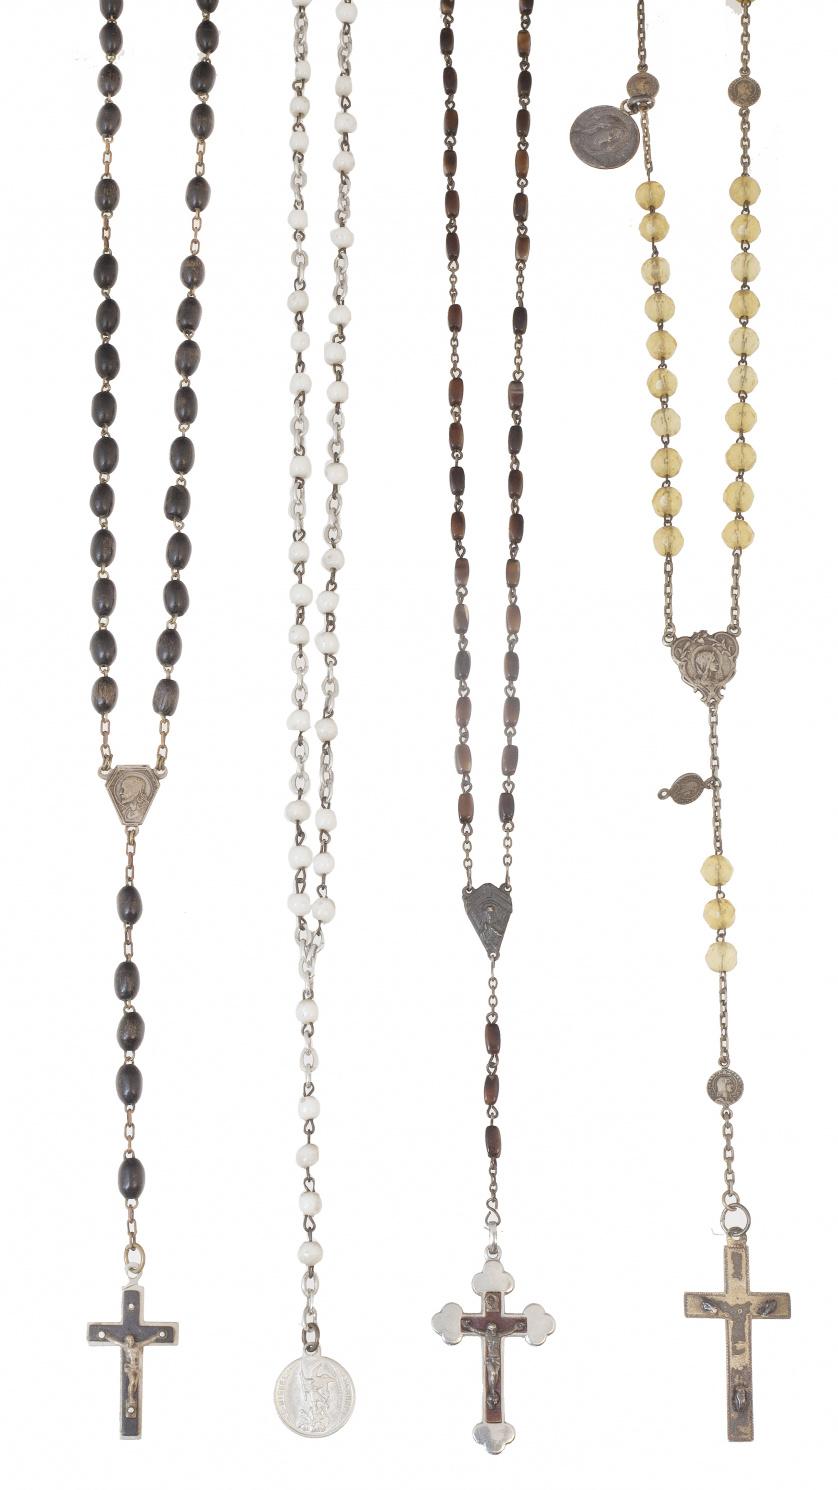 Lote de cuatro rosarios con cuentas de diferentes materiale
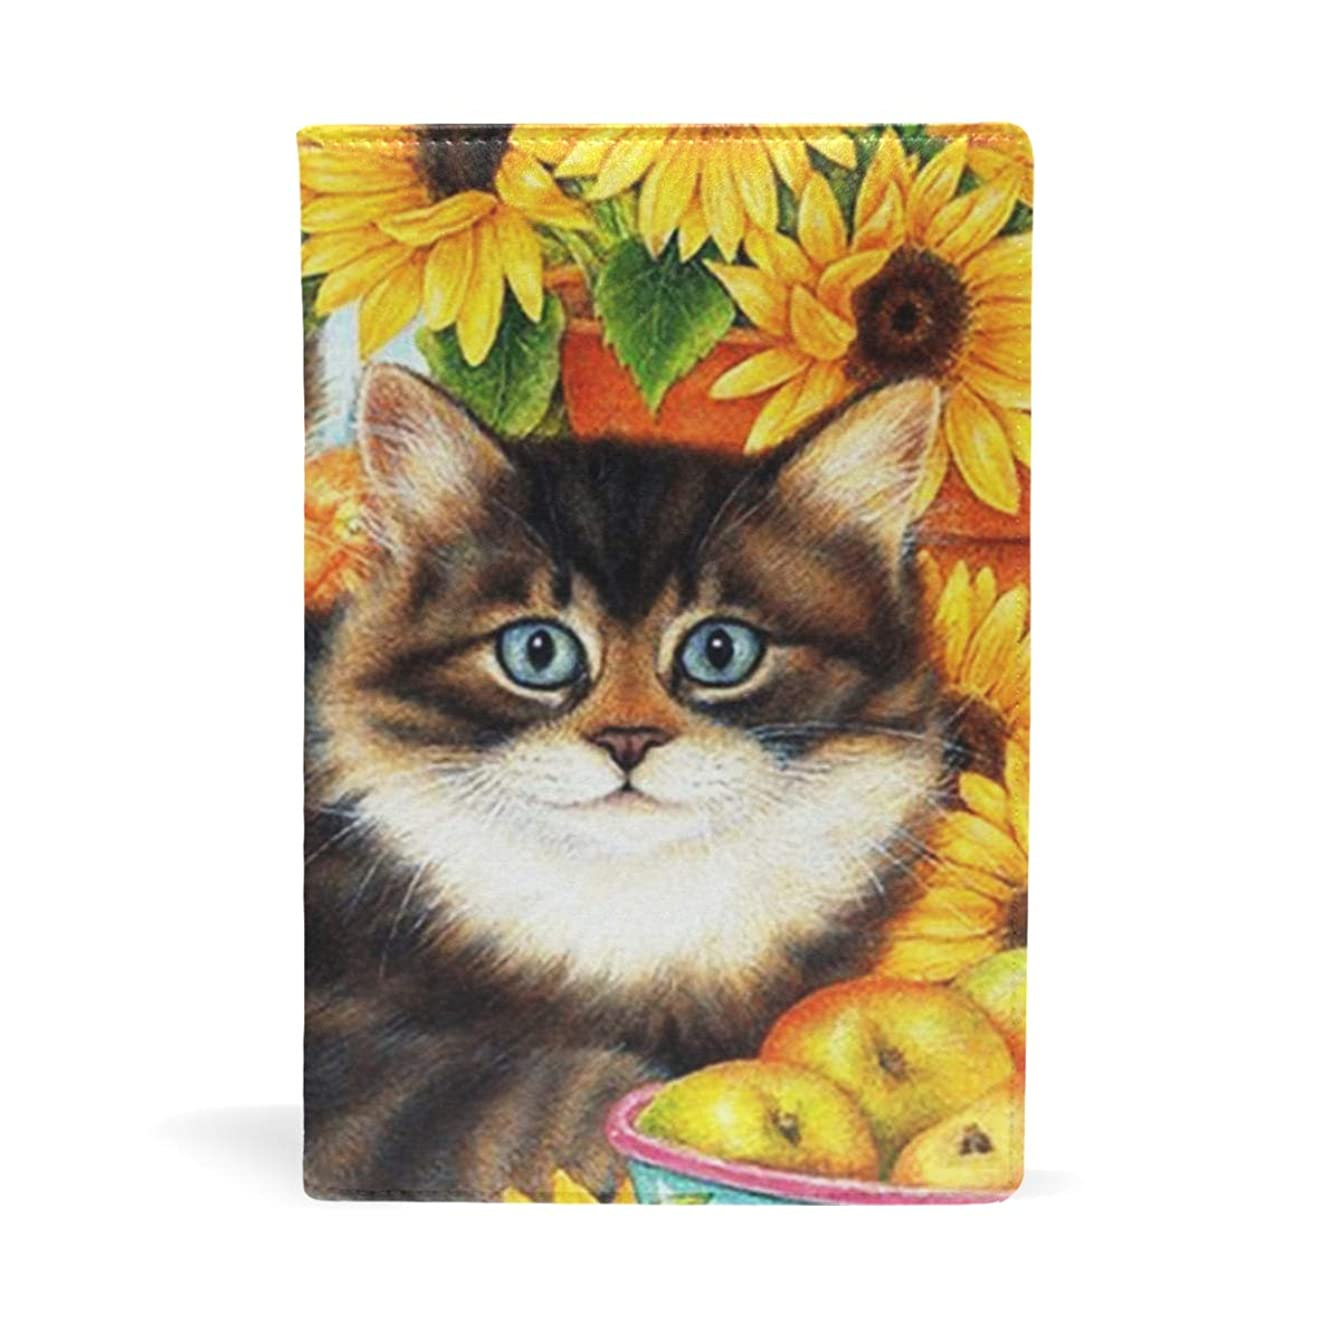 高いヒロイン非常に怒っていますブックカバー 文庫 a5 皮革 レザー 猫の兄弟 文庫本カバー ファイル 資料 収納入れ オフィス用品 読書 雑貨 プレゼント
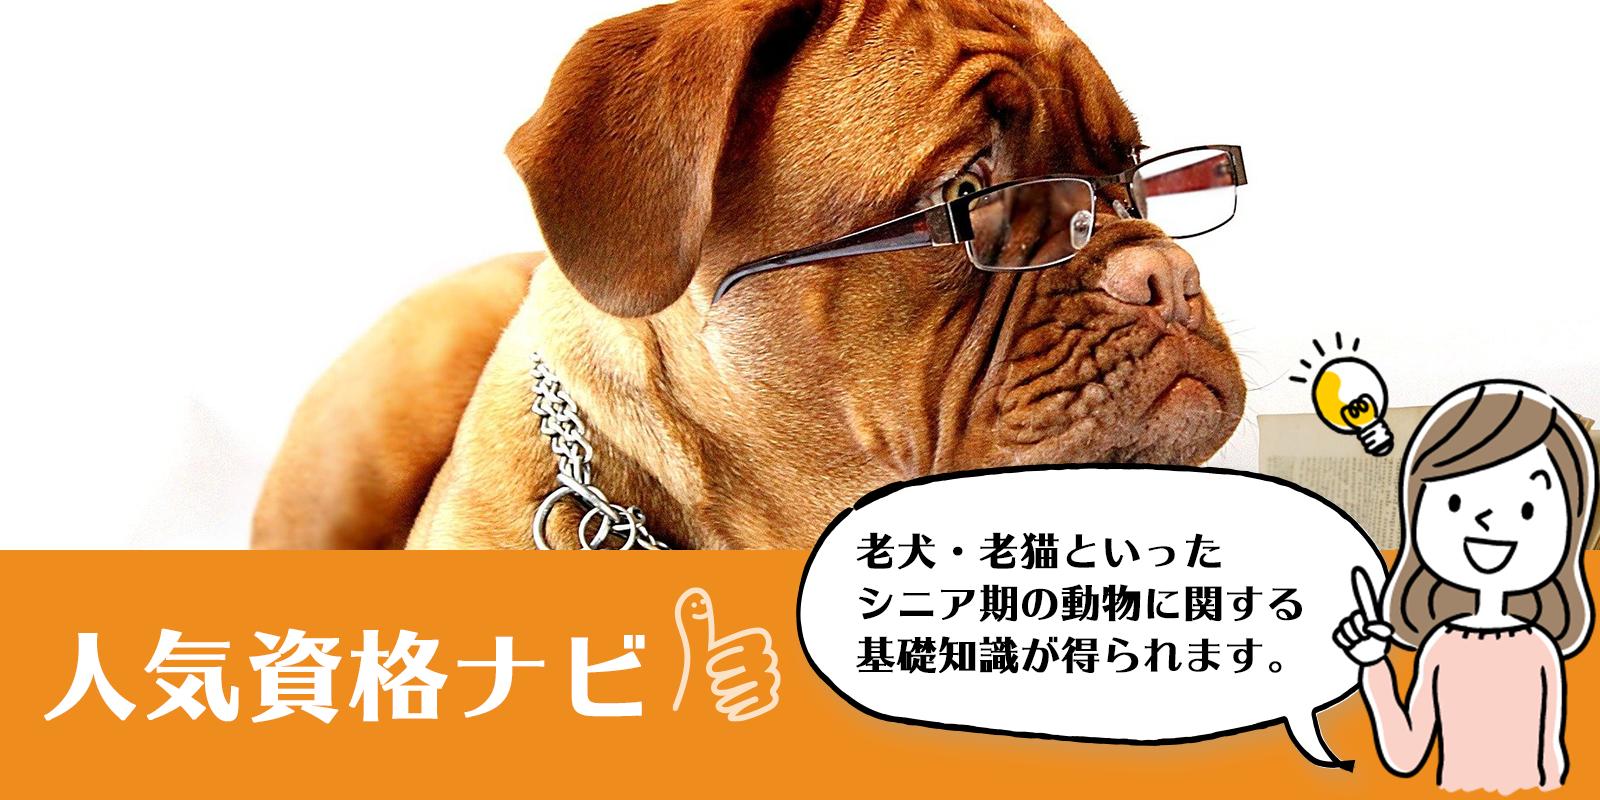 動物介護資格のアイキャッチ画像

※ ※ ※

| What the task asks |
Everything in the material except the pictures should be output verbatim.

| Solution |
 Lote de cuatro rosarios con cuentas de diferentes materiale
 高いヒロイン非常に怒っていますブックカバー 文庫 a5 皮革 レザー 猫の兄弟 文庫本カバー ファイル 資料 収納入れ オフィス用品 読書 雑貨 プレゼント
 動物介護資格のアイキャッチ画像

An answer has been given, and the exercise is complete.